When Harry started to shake his head, I thumbed back the hammer on my gun, and his calm exterior began to fray.

“Nina. Baby. Come on. We’re talking big, retirement-grade money.”

A jittery crap-artist smile ruined his attempt to sound chummy. Maybe he had lost a step.

“If you call me baby again, without my express written consent, I’ll put one of these hollow points through your right thumb. Now, where’s all this money coming from?”

“The guys who run the place are in the secret-keeping business.”

“Blackmail. Fascinating.” I nodded. “How do they clean it up?”

“It’s accounted for as donations to church-operated charities based in faraway states. Charities that shell out nearly all their revenue as salaries to Swires and Martin, or as payment for goods and services bought from businesses they control. And, most of that money is used to buy high-dollar homes with long-range profit potential.”

“That’s what you’re chasing? Residential real estate? With all the paper trails it leaves, a swindle hardly seems worth the risk.”

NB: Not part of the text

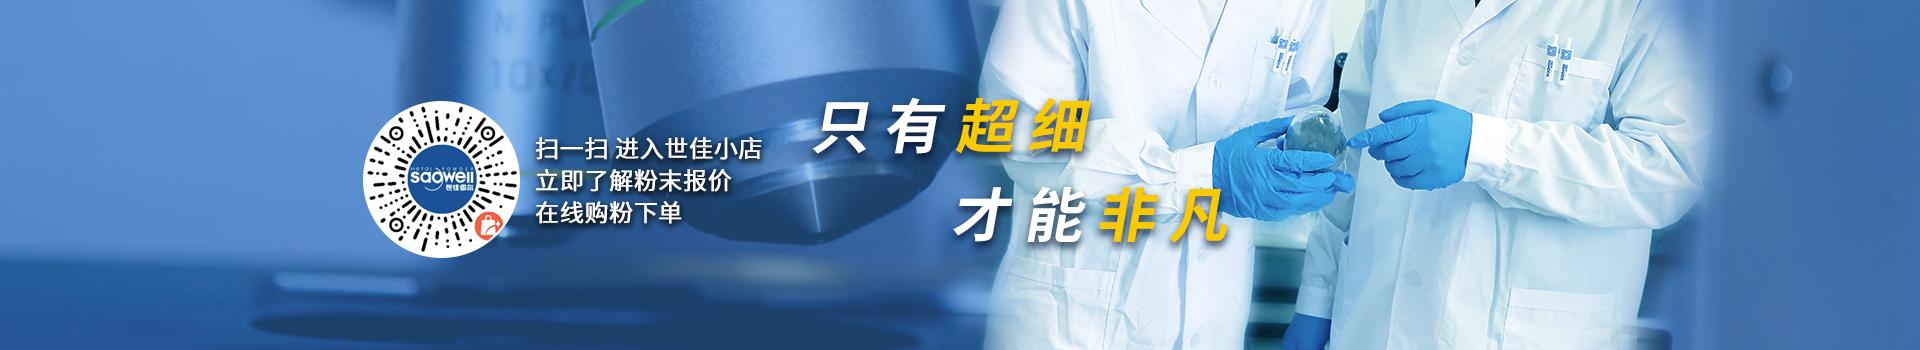 世佳微尔,微纳米超细铁粉、铜粉、预合金粉生产厂家

“When did you become such a conventional thinker?” He looked away, like he was embarrassed for me. “For your information, there’s a new animal in the woods. Ever heard of a home equity line of credit?”

I shook my head, feeling slightly embarrassed for myself. Maybe I had lost a step.

“The bank gets a second mortgage, and the homeowner writes checks against the equity.”

“Won’t you have to impersonate the owners to set up accounts like that? I seem to remember you drawing the line at posing as someone else — too easy to get found out.”

“Well, I’ve changed my thinking on that, because, you see, I know for a fact the banks have never laid eyes on these guys or their wives. All the original purchases were handled through lawyers.” His face lit up with a manic smile, and he waggled his eyebrows. “Tapping less than half the equity on their five most valuable properties would net a little over two mill. Just for writing a few checks.”

Given the potential payoff, and considering how much he owed me, his scheme looked promising. And the window of opportunity seemed big enough for both of us to climb through.

“I want a third of this deal.”

He looked at me as if I had suggested he castrate himself. “That seems a bit steep.”

“Not as steep as me trashing all your hard work by ratting you out to your employers.”

An ugly expression crept over his face.

“And I’m tagging along as your loving wife, so you can’t run off with the money again.”

He opened his mouth to protest, but I cut him off. “You stole from me, Harry.” I grabbed a fistful of his hair and yanked his head back. “You made a fool of me. I can’t let that slide, and I won’t let it happen again. So, either pay back what you took, right now, or I play your wife and take a one-third share. You pick.”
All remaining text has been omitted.